Experiment 48

Objective

To identify the presence of ethanol by its reaction with iodine and sodium hydroxide, forming a yellow precipitate of iodoform.

Introduction

When ethanol reacts with iodine (I₂) in the presence of sodium hydroxide (NaOH), it undergoes a series of reactions that yield a yellow precipitate of iodoform (CHI₃).

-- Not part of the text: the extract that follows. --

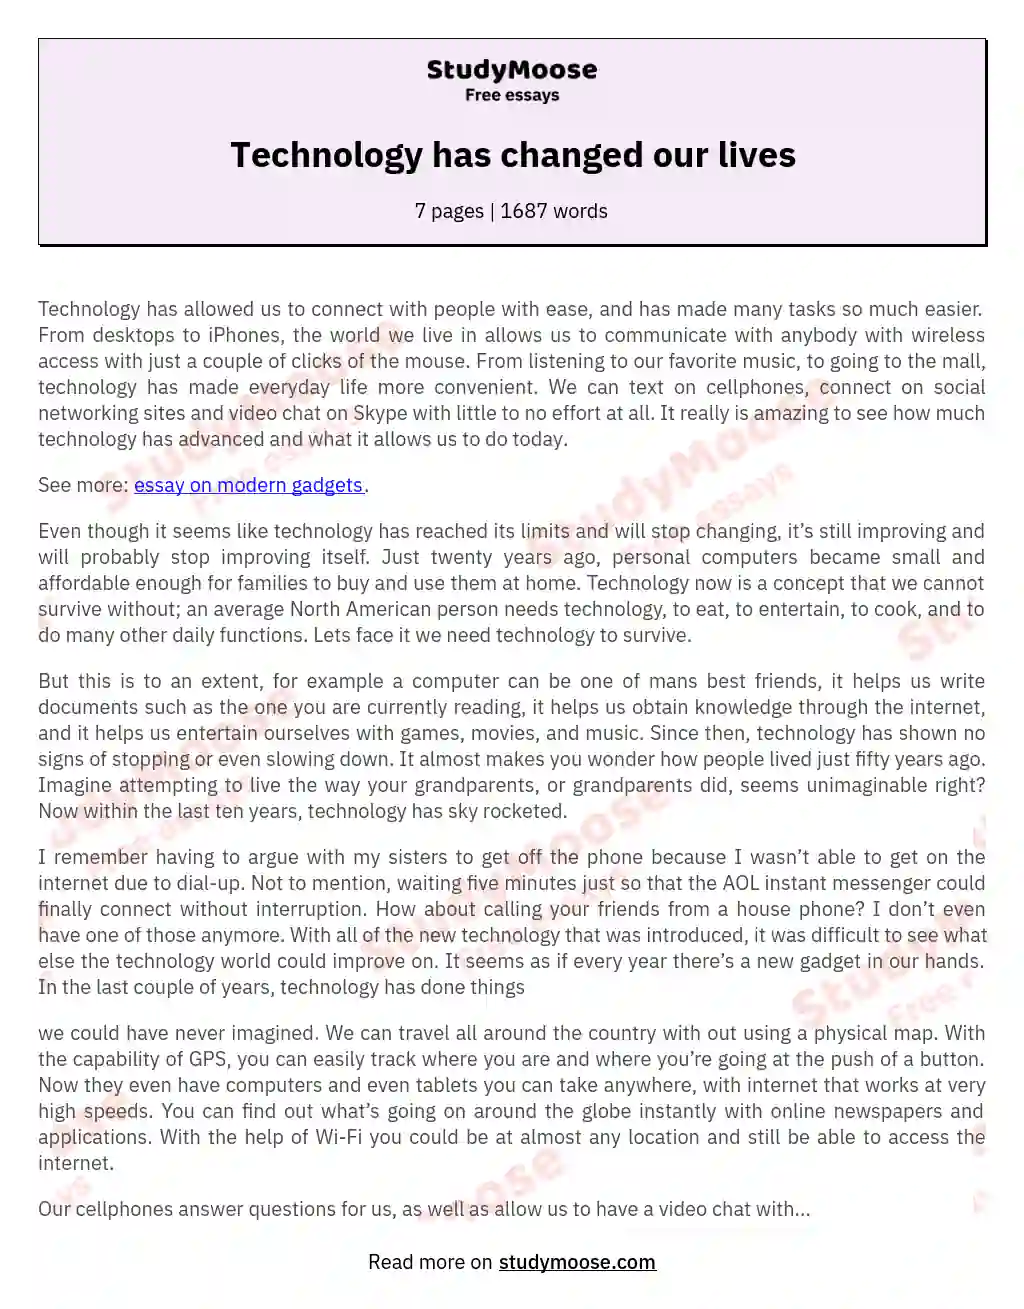 Technology has changed our lives essay
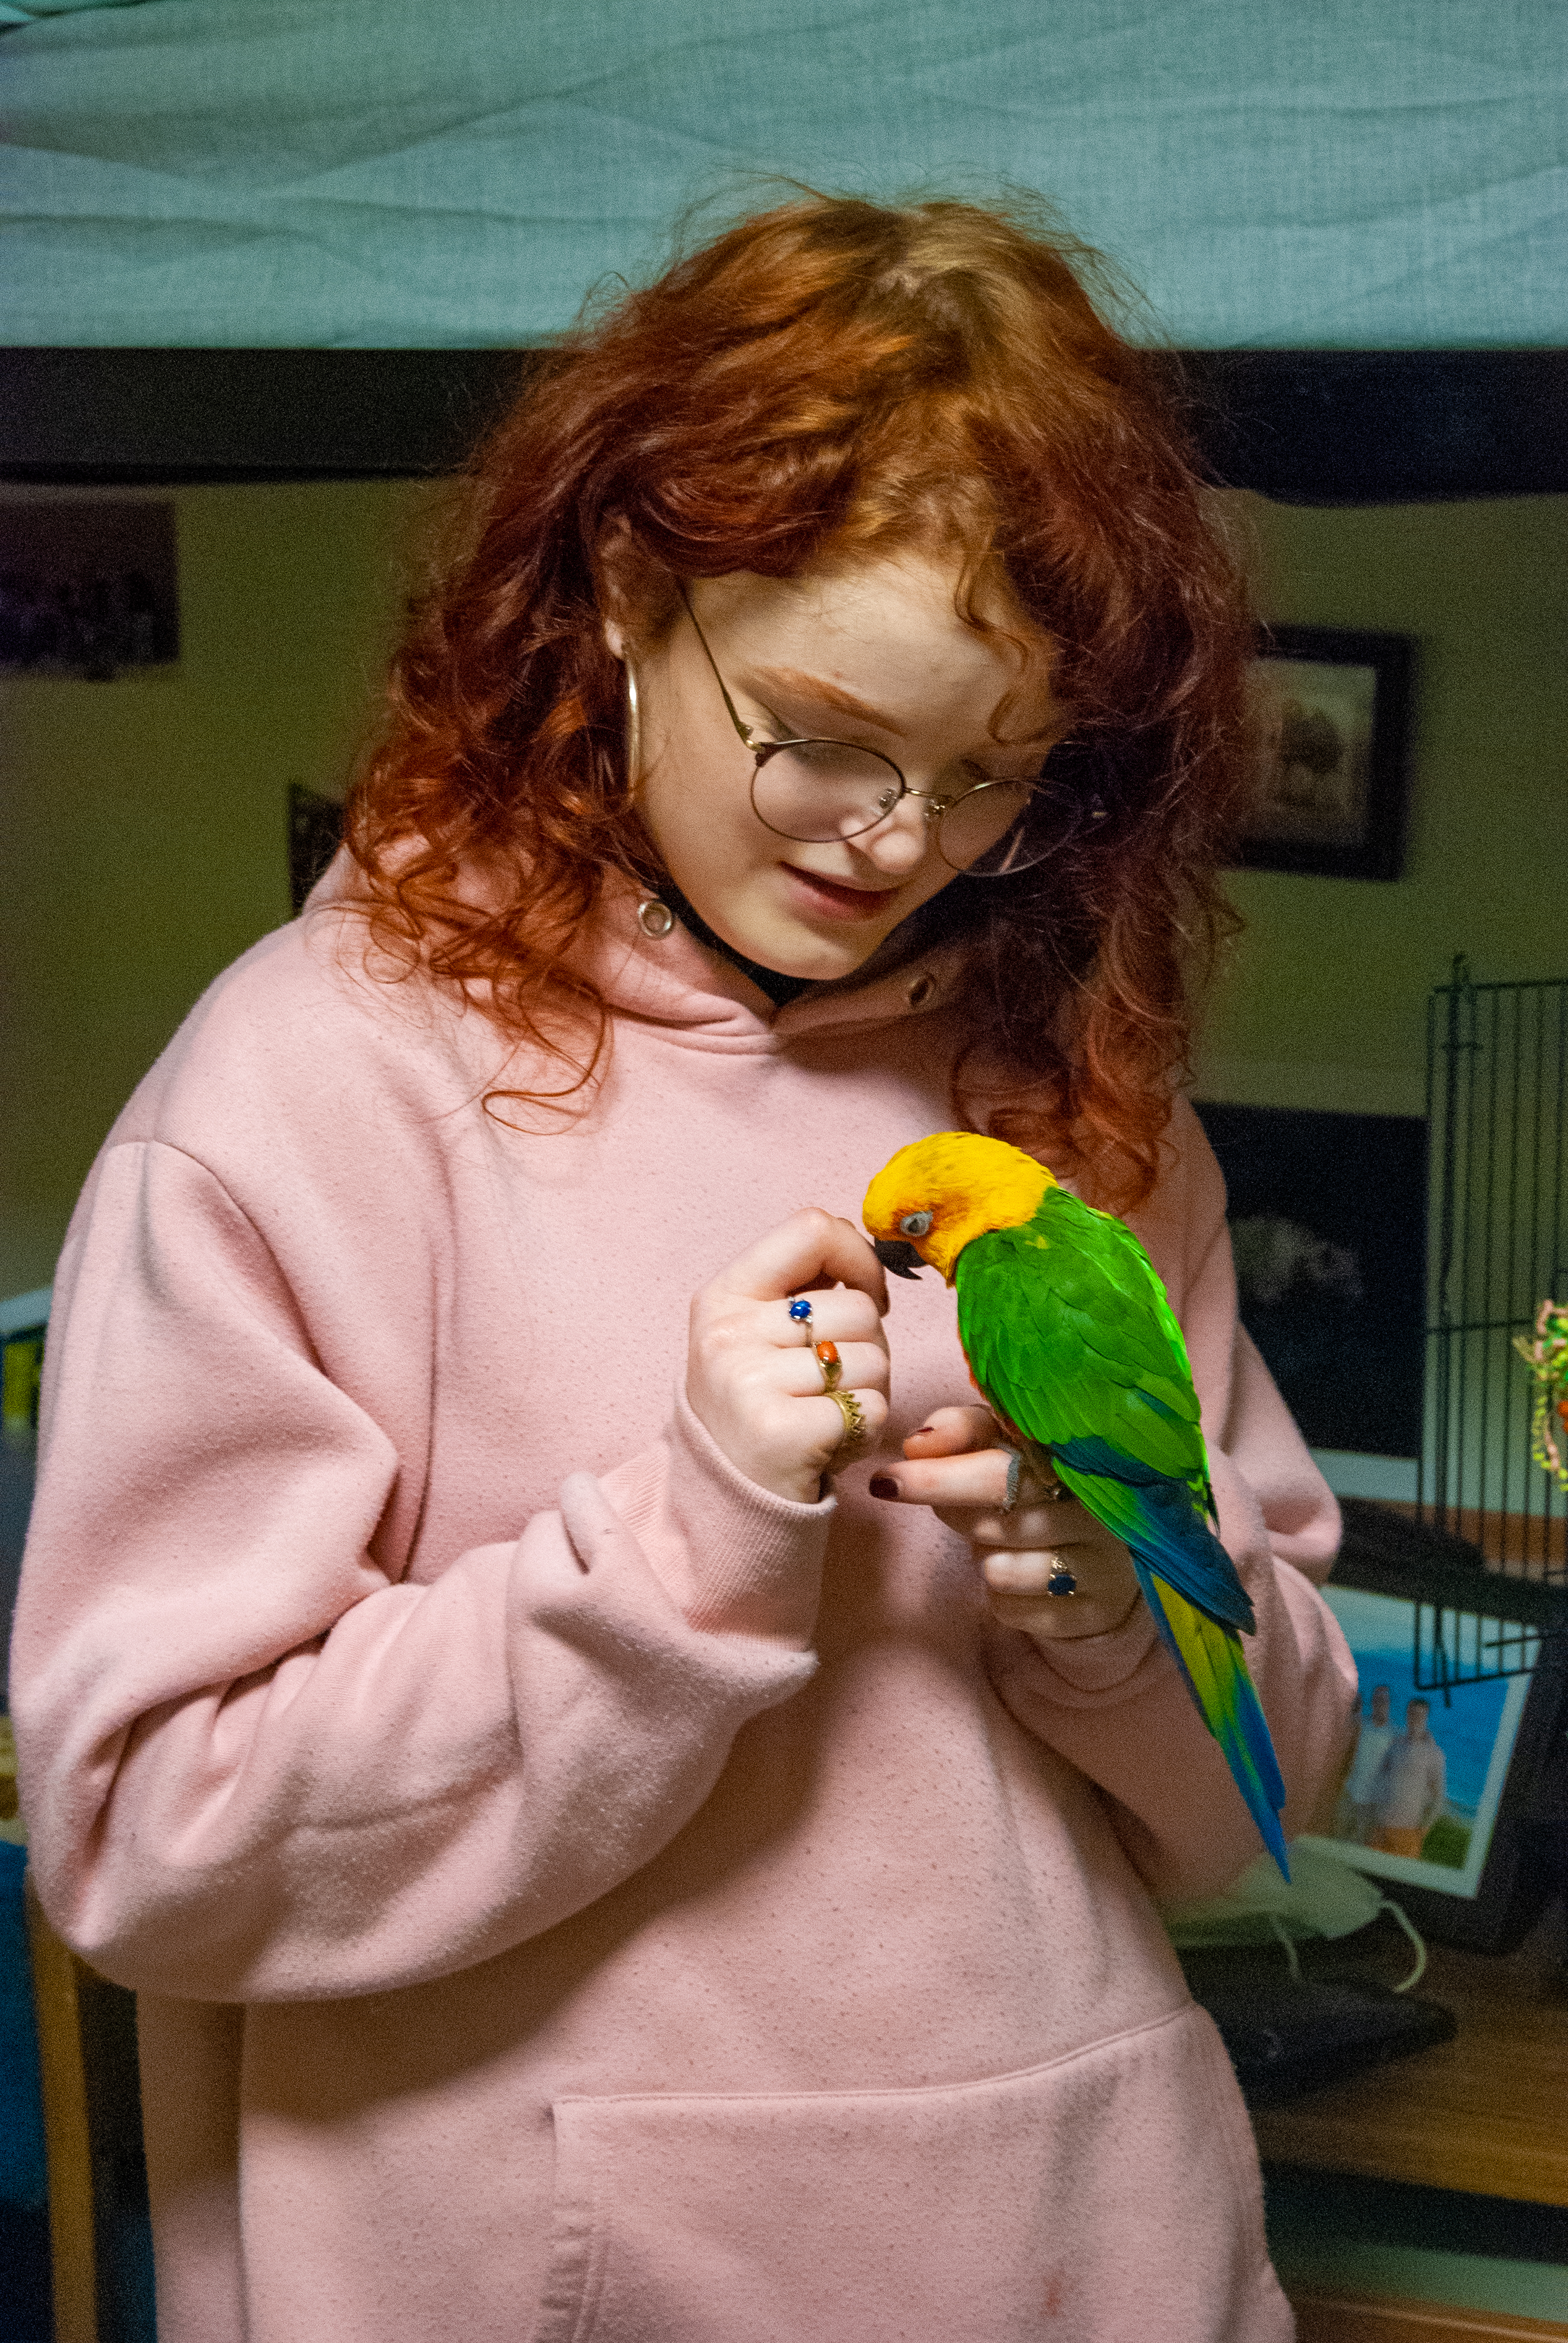 While holding Ollie on her finger, Wade cranes her neck down as Ollie nestles close to her chest.

This characteristic yellow precipitate confirms the presence of ethanol in the sample.

Reaction Steps

1.    Oxidation of Ethanol

CH3​CH2​OH + I2 ​→ CH3CHO + 2HI

2.    Formation of Triiodoacetaldehyde

CH3​CHO + 3I2 ​→ CCl3CHO + 3HI

3.    Formation of Iodoform (Yellow Precipitate)

CCl3CHO + NaOH → CHCl3 ​+ CH3COONa

Materials

Chemicals

●      Ethanol (CH₃CH₂OH)

●      Iodine solution (I₂)

●      Sodium hydroxide (NaOH)

Apparatus

●      Test tube

●      Bunsen burner

●      Thermometer

●      Pipette

Reagents

●      1.659 g NaOH and iodine solution; 5 mL of ethanol.

Procedure

1.    Preparation of Reaction Solution

o   Mix NaOH and iodine solution in a test tube.

2.    Addition of Ethanol

o   Add 5 mL of ethanol to the solution in the test tube.

3.    Heating

o   Heat the test tube gently with a Bunsen burner and wait for the reaction to complete.

4.    Observation of Precipitate

o   A yellow precipitate appears, indicating the formation of iodoform.

Observation

A yellow precipitate of iodoform confirms the presence of ethanol in the sample.

Questions

1.    What is methyl iodide?

2.    Why is iodine used in the ethanol test?

3.    What occurs during the ethanol test?